> EXERCISE DESCRIPTION:
Two lines mark the range in the entries below: the one holding "2 Фунта монета." and the one holding "Cricket Australia Australia". Set down those two and all lines between them, exactly.

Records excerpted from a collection
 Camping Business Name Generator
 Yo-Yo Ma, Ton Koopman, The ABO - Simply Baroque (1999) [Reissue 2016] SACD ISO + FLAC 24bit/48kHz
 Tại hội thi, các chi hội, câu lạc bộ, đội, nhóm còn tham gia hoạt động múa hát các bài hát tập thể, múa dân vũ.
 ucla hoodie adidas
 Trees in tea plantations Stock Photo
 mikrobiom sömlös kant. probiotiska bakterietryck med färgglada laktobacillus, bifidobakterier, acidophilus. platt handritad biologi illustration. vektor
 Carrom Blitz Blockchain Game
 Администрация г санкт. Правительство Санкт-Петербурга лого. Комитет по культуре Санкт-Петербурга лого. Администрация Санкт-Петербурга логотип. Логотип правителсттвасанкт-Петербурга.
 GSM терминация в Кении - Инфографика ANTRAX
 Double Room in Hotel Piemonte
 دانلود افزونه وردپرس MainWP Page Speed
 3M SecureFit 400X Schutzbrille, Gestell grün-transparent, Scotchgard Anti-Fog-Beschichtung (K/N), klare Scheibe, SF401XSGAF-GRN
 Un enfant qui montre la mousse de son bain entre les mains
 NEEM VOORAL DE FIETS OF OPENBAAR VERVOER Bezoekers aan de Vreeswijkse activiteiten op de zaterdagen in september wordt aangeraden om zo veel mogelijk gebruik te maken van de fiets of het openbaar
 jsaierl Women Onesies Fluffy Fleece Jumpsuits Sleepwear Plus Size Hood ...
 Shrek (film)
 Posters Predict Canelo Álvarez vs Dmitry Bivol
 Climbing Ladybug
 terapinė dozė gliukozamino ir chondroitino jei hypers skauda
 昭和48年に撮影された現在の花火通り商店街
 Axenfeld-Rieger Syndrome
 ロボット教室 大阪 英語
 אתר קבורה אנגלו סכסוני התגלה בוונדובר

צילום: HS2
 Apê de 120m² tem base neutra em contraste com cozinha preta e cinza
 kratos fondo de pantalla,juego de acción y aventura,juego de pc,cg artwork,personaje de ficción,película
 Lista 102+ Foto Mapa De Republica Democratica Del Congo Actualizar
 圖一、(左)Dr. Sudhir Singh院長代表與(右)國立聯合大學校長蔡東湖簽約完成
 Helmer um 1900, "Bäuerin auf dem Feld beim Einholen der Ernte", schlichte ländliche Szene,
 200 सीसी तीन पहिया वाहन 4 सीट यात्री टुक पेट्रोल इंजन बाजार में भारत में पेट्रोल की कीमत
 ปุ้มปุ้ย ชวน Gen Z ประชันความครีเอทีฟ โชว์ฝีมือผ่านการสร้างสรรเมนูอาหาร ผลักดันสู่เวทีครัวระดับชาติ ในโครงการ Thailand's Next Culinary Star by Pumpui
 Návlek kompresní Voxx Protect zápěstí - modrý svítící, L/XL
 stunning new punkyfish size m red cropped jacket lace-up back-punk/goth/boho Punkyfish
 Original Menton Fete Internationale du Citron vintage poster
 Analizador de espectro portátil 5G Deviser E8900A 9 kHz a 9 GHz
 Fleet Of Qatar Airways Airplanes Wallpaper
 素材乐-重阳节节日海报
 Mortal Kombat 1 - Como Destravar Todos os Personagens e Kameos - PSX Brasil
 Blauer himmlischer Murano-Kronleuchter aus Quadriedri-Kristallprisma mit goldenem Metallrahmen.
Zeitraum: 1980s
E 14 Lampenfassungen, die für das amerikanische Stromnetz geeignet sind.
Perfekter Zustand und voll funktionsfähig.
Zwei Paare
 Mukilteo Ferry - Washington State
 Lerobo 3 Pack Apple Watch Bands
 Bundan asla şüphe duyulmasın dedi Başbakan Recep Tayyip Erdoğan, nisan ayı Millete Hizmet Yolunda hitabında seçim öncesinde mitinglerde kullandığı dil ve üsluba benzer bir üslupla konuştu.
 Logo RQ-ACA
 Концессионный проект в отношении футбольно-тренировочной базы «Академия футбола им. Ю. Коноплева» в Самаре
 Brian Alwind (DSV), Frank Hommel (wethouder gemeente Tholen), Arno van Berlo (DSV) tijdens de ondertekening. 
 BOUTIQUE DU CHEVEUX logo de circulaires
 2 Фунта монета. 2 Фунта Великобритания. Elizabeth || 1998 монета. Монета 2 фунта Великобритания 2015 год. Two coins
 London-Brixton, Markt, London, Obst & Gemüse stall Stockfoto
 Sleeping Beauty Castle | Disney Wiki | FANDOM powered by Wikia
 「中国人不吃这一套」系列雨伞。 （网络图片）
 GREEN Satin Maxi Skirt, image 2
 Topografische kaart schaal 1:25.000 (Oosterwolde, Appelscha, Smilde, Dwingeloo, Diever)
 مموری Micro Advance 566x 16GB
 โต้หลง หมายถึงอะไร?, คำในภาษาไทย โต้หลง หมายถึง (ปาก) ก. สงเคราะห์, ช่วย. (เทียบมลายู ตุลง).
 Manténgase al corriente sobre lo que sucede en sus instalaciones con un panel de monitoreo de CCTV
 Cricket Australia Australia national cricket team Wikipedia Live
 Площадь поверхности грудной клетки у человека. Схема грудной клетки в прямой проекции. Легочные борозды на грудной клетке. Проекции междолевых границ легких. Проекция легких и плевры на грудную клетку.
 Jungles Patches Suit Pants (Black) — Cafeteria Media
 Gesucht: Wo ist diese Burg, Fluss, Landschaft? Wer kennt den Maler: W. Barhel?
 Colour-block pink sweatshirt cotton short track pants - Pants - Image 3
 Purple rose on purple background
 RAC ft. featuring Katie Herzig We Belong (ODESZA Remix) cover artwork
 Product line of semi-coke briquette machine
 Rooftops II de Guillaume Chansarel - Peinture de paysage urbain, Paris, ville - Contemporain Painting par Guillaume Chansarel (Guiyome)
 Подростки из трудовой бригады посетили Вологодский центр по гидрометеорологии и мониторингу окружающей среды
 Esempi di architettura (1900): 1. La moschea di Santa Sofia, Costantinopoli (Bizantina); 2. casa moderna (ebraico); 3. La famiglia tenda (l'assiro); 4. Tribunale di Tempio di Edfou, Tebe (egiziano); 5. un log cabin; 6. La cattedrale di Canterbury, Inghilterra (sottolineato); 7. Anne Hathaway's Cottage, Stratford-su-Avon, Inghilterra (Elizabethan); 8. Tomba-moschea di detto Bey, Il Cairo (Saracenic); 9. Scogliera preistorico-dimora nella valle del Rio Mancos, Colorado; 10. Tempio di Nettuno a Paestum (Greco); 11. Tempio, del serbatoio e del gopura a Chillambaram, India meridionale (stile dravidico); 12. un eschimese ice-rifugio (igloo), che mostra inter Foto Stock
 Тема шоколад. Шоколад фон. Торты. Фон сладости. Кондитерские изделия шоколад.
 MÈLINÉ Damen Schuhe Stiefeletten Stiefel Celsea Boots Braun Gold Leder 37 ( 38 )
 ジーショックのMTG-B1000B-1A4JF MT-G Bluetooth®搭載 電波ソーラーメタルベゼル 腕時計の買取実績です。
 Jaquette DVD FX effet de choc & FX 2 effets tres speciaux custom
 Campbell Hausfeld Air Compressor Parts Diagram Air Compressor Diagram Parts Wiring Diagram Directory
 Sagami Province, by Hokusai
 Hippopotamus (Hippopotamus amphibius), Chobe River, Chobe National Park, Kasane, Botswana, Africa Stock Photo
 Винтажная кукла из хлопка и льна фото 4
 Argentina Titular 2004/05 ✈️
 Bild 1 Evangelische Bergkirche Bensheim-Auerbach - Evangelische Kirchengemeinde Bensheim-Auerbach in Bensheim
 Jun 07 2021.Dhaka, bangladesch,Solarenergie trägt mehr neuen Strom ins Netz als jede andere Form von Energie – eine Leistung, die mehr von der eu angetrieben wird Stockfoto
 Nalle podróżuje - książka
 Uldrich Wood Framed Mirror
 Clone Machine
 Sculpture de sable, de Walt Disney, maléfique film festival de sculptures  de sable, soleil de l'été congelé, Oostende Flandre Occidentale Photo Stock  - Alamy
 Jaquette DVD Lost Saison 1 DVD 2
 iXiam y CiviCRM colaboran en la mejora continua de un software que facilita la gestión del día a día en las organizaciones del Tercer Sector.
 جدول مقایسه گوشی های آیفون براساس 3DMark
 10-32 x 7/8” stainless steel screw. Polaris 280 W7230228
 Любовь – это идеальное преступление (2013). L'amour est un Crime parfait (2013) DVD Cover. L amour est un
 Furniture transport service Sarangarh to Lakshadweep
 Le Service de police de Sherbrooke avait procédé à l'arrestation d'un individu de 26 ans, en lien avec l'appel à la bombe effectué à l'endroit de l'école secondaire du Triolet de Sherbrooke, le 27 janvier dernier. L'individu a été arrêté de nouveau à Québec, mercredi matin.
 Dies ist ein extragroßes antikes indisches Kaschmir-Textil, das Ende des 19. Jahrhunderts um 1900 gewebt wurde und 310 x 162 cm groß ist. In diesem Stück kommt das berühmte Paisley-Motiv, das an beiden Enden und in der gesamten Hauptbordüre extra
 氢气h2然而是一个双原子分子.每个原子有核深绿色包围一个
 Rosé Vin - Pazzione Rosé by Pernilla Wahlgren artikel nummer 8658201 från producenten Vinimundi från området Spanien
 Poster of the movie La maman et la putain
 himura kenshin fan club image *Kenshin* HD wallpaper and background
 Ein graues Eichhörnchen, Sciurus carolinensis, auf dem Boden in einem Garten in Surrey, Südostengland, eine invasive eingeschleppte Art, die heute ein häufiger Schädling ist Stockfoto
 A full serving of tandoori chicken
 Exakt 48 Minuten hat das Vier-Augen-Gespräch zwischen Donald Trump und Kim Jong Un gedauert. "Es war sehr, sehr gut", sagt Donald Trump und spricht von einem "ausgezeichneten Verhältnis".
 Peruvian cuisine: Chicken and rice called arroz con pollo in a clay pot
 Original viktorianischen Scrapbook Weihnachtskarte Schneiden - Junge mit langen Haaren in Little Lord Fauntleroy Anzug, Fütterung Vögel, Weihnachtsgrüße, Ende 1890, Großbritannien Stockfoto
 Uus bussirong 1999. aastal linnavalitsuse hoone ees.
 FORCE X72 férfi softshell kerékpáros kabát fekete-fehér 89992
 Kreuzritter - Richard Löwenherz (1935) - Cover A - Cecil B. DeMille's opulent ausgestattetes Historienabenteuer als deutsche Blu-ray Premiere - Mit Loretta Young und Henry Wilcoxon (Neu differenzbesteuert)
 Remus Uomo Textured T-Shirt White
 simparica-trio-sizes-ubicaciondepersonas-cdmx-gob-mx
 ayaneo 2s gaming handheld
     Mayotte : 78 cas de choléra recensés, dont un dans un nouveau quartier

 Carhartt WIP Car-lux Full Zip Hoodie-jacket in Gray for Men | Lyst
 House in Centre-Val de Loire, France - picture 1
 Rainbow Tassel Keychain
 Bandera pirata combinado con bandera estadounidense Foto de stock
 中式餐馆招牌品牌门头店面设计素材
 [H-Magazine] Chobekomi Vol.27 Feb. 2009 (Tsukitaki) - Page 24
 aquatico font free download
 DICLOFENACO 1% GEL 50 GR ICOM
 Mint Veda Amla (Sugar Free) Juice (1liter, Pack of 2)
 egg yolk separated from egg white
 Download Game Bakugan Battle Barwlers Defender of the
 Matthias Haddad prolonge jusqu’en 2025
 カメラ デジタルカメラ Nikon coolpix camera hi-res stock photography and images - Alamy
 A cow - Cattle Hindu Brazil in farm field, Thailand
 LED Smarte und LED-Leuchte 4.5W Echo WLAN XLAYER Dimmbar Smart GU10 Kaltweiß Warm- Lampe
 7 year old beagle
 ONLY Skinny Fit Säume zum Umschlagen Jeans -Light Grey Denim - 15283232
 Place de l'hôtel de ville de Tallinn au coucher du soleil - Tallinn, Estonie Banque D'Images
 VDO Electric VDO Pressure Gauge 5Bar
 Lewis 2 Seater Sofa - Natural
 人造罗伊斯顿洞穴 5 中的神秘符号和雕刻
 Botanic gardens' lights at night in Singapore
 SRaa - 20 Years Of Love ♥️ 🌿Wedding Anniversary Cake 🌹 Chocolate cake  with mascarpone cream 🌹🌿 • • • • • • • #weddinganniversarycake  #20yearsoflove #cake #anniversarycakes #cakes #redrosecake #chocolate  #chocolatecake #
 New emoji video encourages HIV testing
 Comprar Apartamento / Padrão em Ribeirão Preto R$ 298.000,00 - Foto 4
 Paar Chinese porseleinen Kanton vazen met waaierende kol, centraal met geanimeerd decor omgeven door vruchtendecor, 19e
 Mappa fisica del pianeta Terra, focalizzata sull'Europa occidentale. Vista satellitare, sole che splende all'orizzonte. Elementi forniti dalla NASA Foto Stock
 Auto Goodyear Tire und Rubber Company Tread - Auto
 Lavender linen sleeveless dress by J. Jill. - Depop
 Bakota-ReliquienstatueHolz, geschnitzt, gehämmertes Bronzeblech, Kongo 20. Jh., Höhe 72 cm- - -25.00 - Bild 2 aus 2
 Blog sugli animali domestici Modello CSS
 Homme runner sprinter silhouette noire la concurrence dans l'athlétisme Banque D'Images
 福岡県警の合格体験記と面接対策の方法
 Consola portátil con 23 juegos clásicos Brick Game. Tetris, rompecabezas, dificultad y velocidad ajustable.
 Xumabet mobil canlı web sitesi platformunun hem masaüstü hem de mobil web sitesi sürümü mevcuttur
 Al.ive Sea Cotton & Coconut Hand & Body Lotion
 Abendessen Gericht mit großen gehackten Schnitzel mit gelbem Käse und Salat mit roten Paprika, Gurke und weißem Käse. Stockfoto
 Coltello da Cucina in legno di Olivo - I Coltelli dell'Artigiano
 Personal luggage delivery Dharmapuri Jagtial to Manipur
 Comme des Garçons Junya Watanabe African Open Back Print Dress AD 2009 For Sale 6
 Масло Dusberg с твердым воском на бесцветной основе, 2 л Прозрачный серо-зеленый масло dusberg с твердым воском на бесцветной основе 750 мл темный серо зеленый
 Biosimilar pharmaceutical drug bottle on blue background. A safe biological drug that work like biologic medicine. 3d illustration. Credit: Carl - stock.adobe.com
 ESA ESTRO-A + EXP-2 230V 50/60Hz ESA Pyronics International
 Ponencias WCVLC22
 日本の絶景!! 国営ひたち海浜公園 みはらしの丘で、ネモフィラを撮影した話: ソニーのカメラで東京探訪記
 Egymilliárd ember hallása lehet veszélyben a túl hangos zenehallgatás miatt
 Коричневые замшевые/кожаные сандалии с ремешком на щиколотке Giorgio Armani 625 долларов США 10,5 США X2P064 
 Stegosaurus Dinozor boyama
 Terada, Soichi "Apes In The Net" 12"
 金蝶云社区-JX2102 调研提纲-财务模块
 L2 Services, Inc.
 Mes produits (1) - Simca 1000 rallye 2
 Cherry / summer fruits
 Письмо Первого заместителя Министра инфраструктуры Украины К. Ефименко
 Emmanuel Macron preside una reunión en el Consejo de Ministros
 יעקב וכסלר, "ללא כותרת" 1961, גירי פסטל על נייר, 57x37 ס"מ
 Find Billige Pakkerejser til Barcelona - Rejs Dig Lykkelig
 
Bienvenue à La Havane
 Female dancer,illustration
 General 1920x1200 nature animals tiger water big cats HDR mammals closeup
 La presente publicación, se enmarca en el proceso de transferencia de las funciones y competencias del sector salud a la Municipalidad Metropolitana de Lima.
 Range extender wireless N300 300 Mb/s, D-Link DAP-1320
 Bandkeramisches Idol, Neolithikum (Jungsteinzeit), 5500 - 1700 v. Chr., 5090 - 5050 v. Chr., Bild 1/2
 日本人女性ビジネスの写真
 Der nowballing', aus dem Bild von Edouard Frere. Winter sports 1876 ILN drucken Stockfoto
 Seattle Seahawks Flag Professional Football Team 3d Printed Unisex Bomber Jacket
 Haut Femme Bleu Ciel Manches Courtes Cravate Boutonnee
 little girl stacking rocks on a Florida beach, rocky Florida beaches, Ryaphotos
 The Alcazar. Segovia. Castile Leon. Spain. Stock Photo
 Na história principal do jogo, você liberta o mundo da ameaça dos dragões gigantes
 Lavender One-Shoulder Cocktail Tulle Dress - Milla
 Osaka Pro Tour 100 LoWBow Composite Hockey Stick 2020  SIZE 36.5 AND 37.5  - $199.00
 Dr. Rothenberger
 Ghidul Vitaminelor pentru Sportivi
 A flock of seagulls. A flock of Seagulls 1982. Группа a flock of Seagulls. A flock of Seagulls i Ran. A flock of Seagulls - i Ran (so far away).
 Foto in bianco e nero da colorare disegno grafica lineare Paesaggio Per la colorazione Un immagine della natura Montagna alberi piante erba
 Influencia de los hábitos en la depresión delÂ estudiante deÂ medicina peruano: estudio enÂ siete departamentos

> EXPECTED ANSWER:
 2 Фунта монета. 2 Фунта Великобритания. Elizabeth || 1998 монета. Монета 2 фунта Великобритания 2015 год. Two coins
 London-Brixton, Markt, London, Obst & Gemüse stall Stockfoto
 Sleeping Beauty Castle | Disney Wiki | FANDOM powered by Wikia
 「中国人不吃这一套」系列雨伞。 （网络图片）
 GREEN Satin Maxi Skirt, image 2
 Topografische kaart schaal 1:25.000 (Oosterwolde, Appelscha, Smilde, Dwingeloo, Diever)
 مموری Micro Advance 566x 16GB
 โต้หลง หมายถึงอะไร?, คำในภาษาไทย โต้หลง หมายถึง (ปาก) ก. สงเคราะห์, ช่วย. (เทียบมลายู ตุลง).
 Manténgase al corriente sobre lo que sucede en sus instalaciones con un panel de monitoreo de CCTV
 Cricket Australia Australia national cricket team Wikipedia Live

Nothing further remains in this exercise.